Hence, to improve the LSTM accuracy in longer time horizon prediction scenarios, a deeper, more complex network (more nodes and more layers) needs to be established to enable LSTM to efficiently cope with larger data sizes. However, Table 1 shows that the epoch time in the LTLP case is 2085s, and the epoch time rapidly increases with the increase in data size, indicating that the exploration is limited by the existing computing platform performance. Thus, more computing power is required for a more complex LSTM model, which reveals the dependence of the LSTM network on computing power. The LSTM algorithm prediction performance will be significantly improved with a more complex model, while SVM performs better in the exact implementation platform.
Apart from comparing the prediction accuracy of two algorisms, the effectiveness of two methods in various situations is verified in this section. Considering the impact of different seasons, weekdays/weekends, term-time/holiday on load profile. Four typical days belonging to the weekday, weekend, term time and holiday are respectively chosen according to USTLP and STLP cases. For MTLP and LTLP cases, one typical week and month located in terms of time and holiday are determined. The model metric (RMSE, MAE and MAPE (%)) for all scenarios are presented in Table 4 and Table 5, and Figure 13.
It can be concluded from Table 4 and Table 5 that there is no significant fluctuation for model metrics across four seasons, indicating a relatively stable prediction performance for different seasons throughout the year. However, for MTLP and LTLP cases, the prediction accuracy of the two methods for weeks or months on holiday is lower than that in term time. This is because people’s life patterns are more irregular during the holidays, increasing the complexity of load forecasting.

4.4. Blind Test

The blind test is often used to cross-validate the results of load prediction without waiting for events to occur [44]. A stable and good load prediction model should perform well on unseen data, showing the generalisation ability of this model [45]. Note that the blind data cannot be used for training or fitting the model and the model selection.

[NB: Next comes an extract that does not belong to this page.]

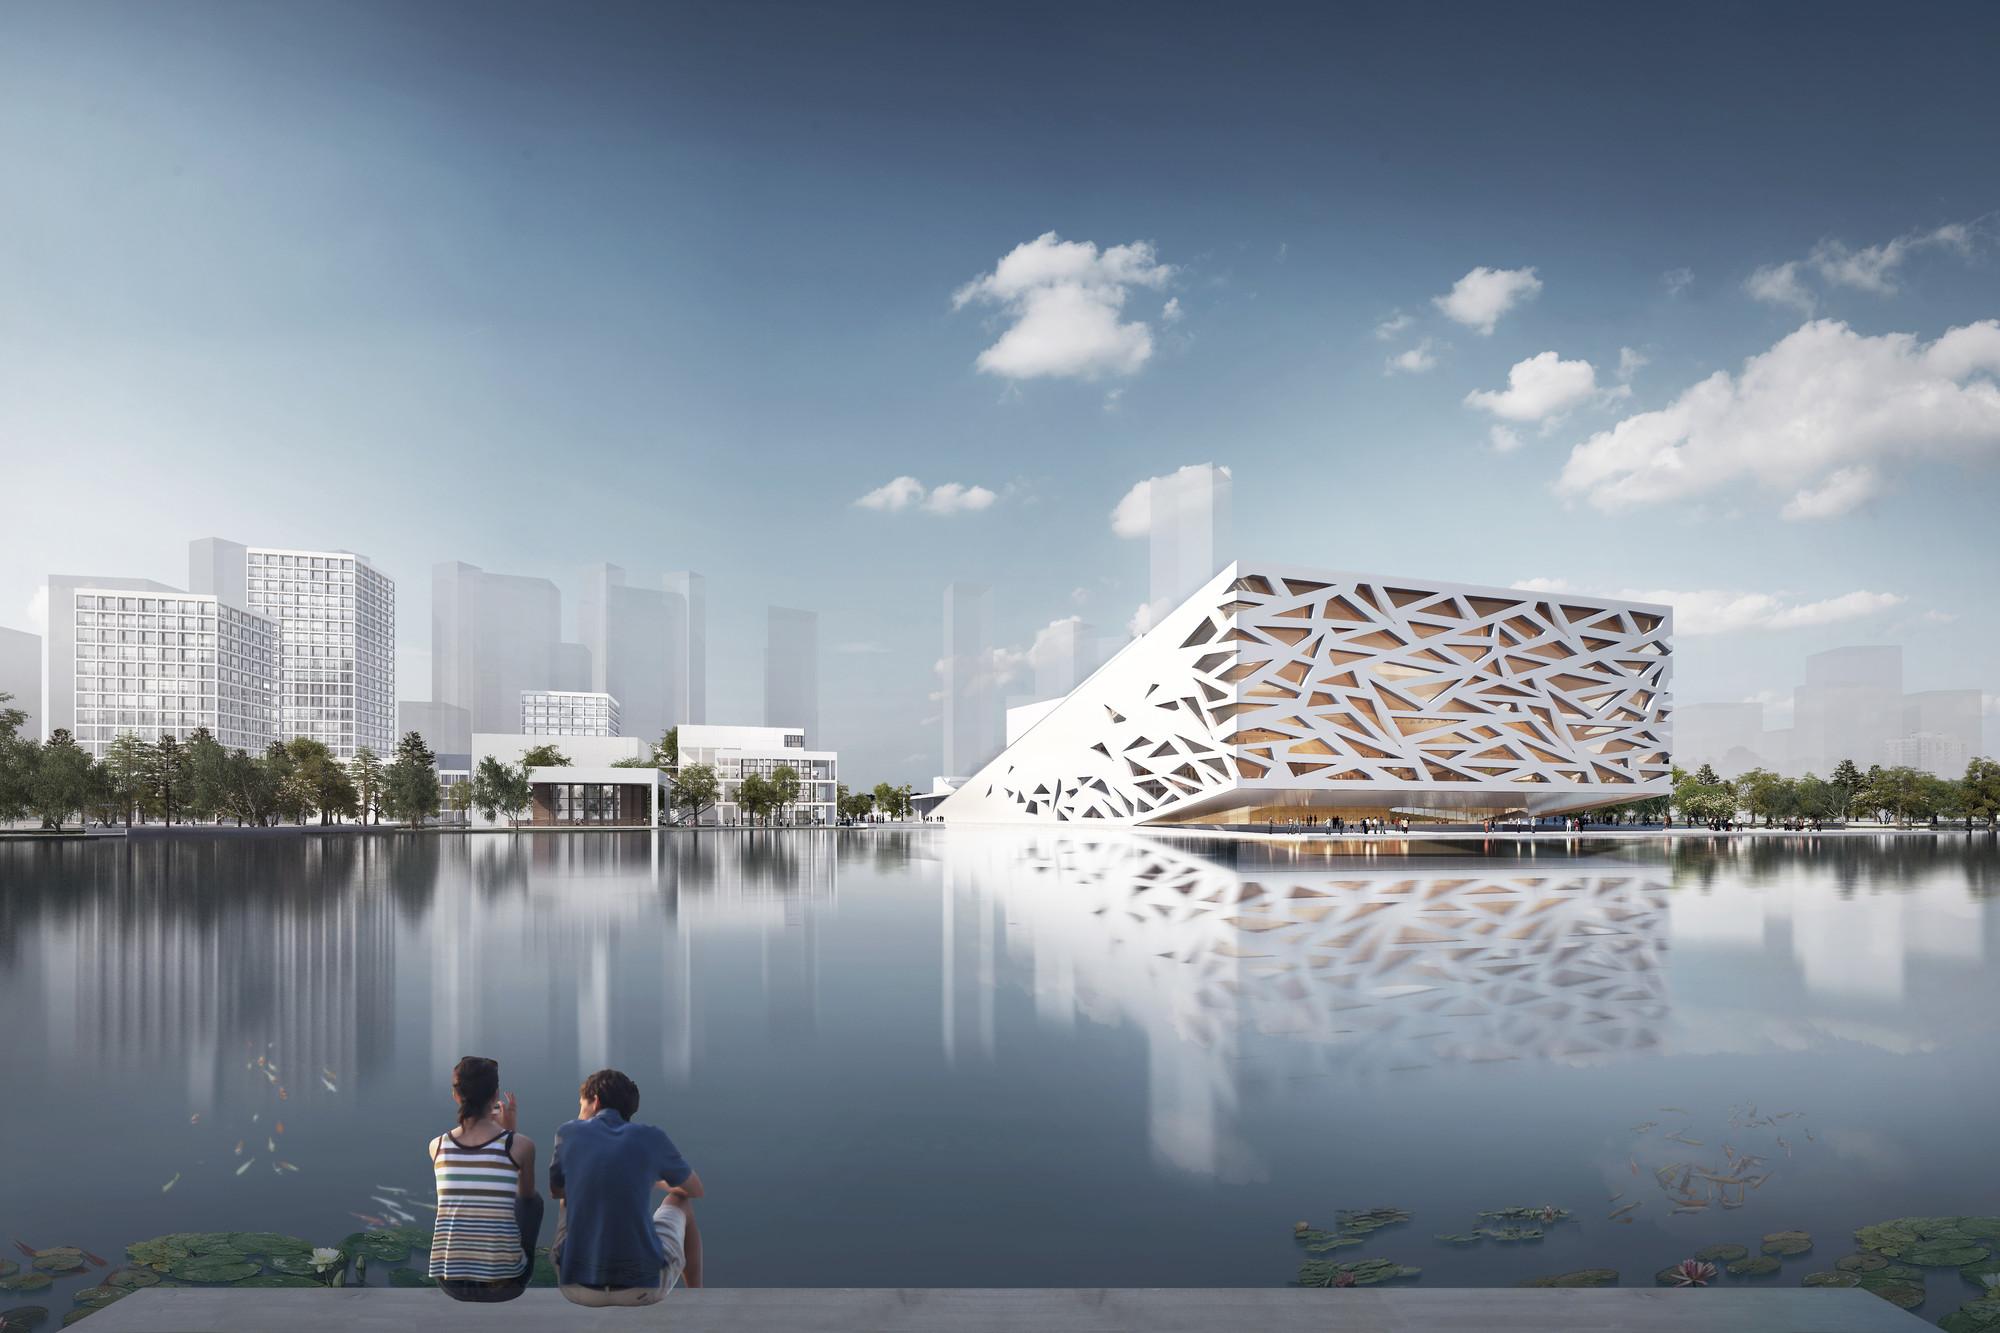 Primeiras imagens da Yuhang Opera de Henning Larsen Architects, © Henning Larsen Architects

Therefore, the October data in 2021 is determined as the blind date. The load in October is predicted through the data in September 2021. The blind test results of the two algorisms for the STLP, MTLP and LTLP prediction cases are presented in Figure 14 and Figure 15. The model metric for the four scenarios is shown in Table 6.
The blind test result also verifies that LSTM performs better in the STLP case and SVM achieves better prediction performance for MTLP and LTLP cases.

5. Conclusions

In this paper, two computational algorithms, LSTM and SVM, were introduced and developed in the establishment of the load prediction model. They were adapted to conduct the load prediction based on selected features and historical campus half-hour recorded load demand data in four different prediction time horizons. Prediction performance was evaluated through two aspects: training/epoch time and prediction accuracy for comparison. It was found that both methods had higher prediction accuracy for shorter time horizon prediction scenarios, indicating better applicability in shorter time horizon prediction. Comparison showed that the LSTM had a higher prediction accuracy according to ultra-short and short-term load prediction, while SVM predicted better for medium- and long-term scenarios; the prediction accuracy was also verified through the blind test. Furthermore, the training time for SVM was shorter in medium- and long-term cases, confirming the high dependence of LSTM prediction accuracy on the computing power of the computer.
The existing platform limited the performance of LSTM in longer time horizon scenarios. So, a more complex LSTM model could be constructed in further stages with more nodes and hidden layers to improve its prediction accuracy when facing larger data sizes. The strategy of selecting hyperparameters can be improved with some algorithms, such as combining the model with the fish swarm algorithm. In addition, some more advanced artificial intelligence algorithms, which have been applied in dealing with time series data, can be compared with the existing two algorithms in more scenarios.

Author Contributions

Conceptualization, J.W.; methodology, S.Z. and J.L.; software, S.Z. and J.L.; validation, S.Z. and J.L.; investigation, S.Z. and J.W.; data curation, J.L.; writing—original draft preparation, S.Z. and J.L.; writing—review and editing, S.Z. and J.W.; visualization, S.Z. and J.L.; supervision, J.W.; funding acquisition, J.W. All authors have read and agreed to the published version of the manuscript.

Funding

This work is partially supported by EPSRC Supergen Energy Storage Network Plus (EP/S032622/1) and the PhD studentship from the University of Warwick.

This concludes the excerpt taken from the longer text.